Как быть всему этому в нашей общей памяти вместе с нелепым образом длинного тощего человека в безумных пиджаках, кепках, штанах, не говорившего, а вещавшего, не читавшего вслух, а игравшего роль читающего вслух поэта, до последнего выяснявшего отношения с добра не помнившим и на дух его не переносившим, но так уже давно ушедшим Бродским? Как принять то, что когда-то казавшееся миллионам настоящей поэзией за какие-то 30 лет рассыпалось в прах и видится молодым невозможной манерностью и дурновкусием?

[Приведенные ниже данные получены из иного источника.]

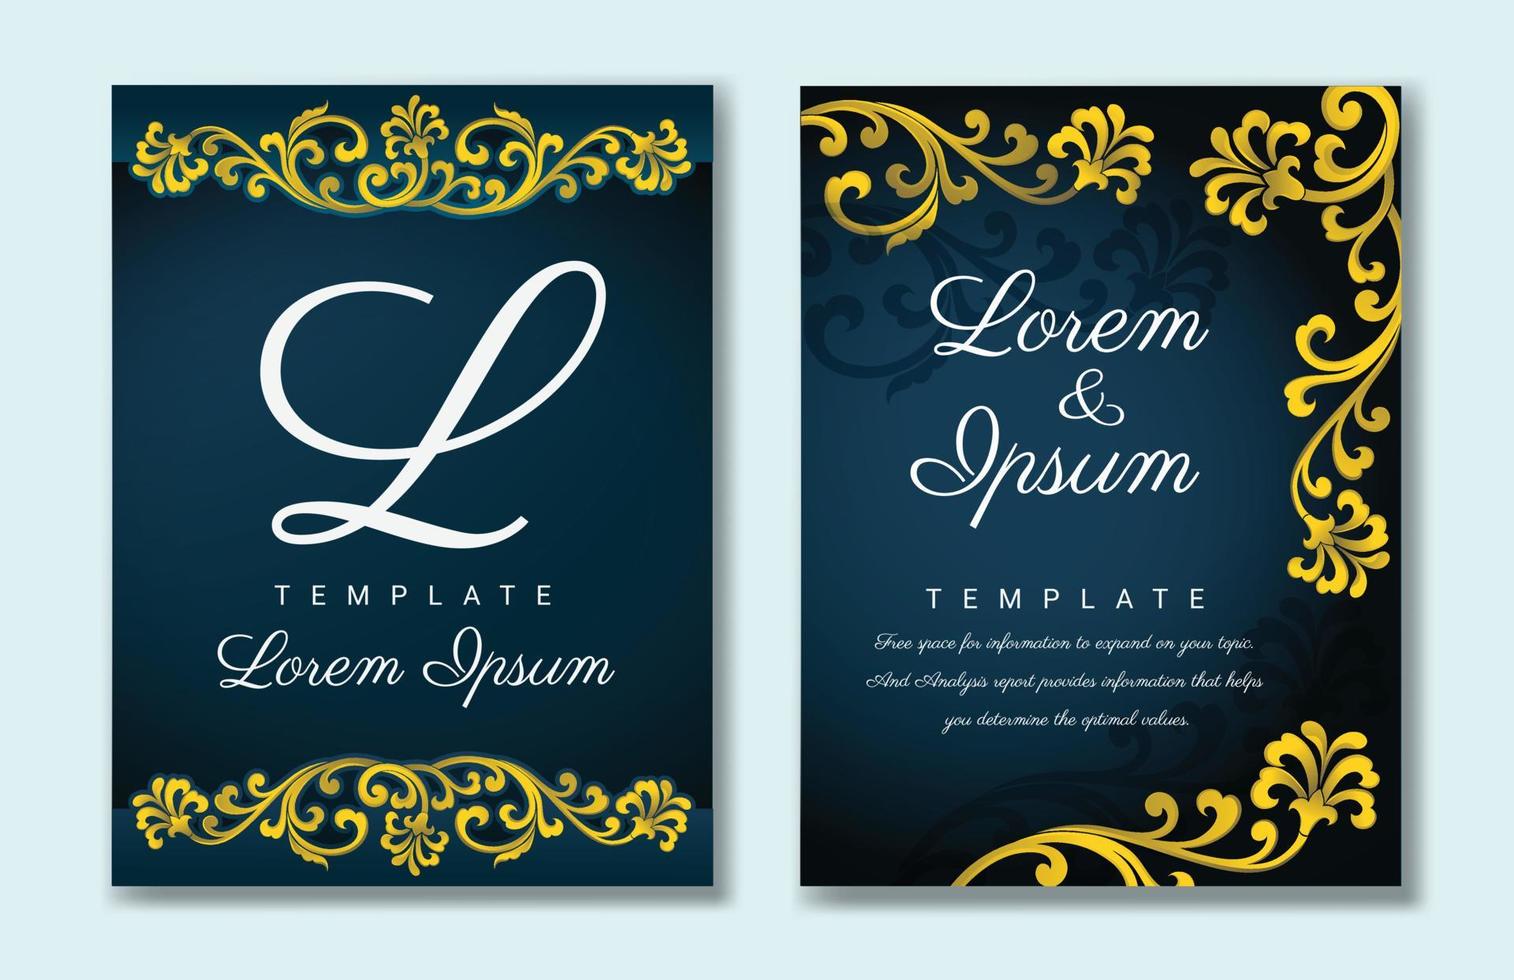 Luxury wedding invitation design or card templates vector

Евтушенко часто читал свои стихи под памятником Маяковскому. И сам стал памятником — памятником времени, не себе
Евгений Евтушенко часто читал свои стихи под памятником Маяковскому. И сам стал памятником — памятником времени, не себе. Много лет подряд он устраивал сам себе чтения в Политехническом, гоняясь за теми звуками и лицами, которые остались только на кинопленке. Десятилетиями он откликался на каждое крупное политическое событие, играл с кино и рок-операми, на его тексты пелись самые жуткие советские песни вроде «Сережки ольховой» и «Хотят ли русские войны». Его слава прогрессивного советского поэта на Западе позволила ему окончить жизнь в Оклахоме, а память о былой славе тут — получить разрешение на захоронение в Переделкино, рядом с самым великим из возможных соседей по кладбищу — Пастернаком.
Но есть в этой фигуре что-то, что заставило нас всех если и не говорить о нем в эти дни, то подумать, почему мы решили смолчать. Он последний из могикан, но ушедших раньше его товарищей — Ахмадулину, Вознесенского, Рождественского — провожали не так всенародно. Он ушел на взлете моды на оттепель, со всеми этими сериалами и выставками. Но вряд ли взрыв эмоций вокруг его кончины можно объяснить только нашими собственными разборками с возможностью исторических аналогий, с осознанием острой необходимости опять разбираться со степенью возможного конформизма и сохранения статуса «приличного человека». Евтушенко был человеком пронзительным. Его манифесты, его колебания вместе с линией партии, его отклонения от той же линии, его поздние многочасовые интервью, его обиды и любови, его вера в себя были именно что пронзительно честны. Так дети искренне верят в одно, а завтра в другое. Он верил, что бывает поэт для миллионов. Лучше всех, с должной паузой написал об этом Анатолий Найман: «Может быть, он в самом деле считал себя посланным судьбой с предназначением. Кем-то между Григорием Распутиным и Сергеем Есениным… Поэтом, сочинявшим простые стихи, утешительные, сводившие толпы на стадионы, направлявшие за собой, как флажки экскурсоводов, короче, находившие дорогу к сердцам тех, кого он называл своим народом. Поэзию, как он и они это явление толковали».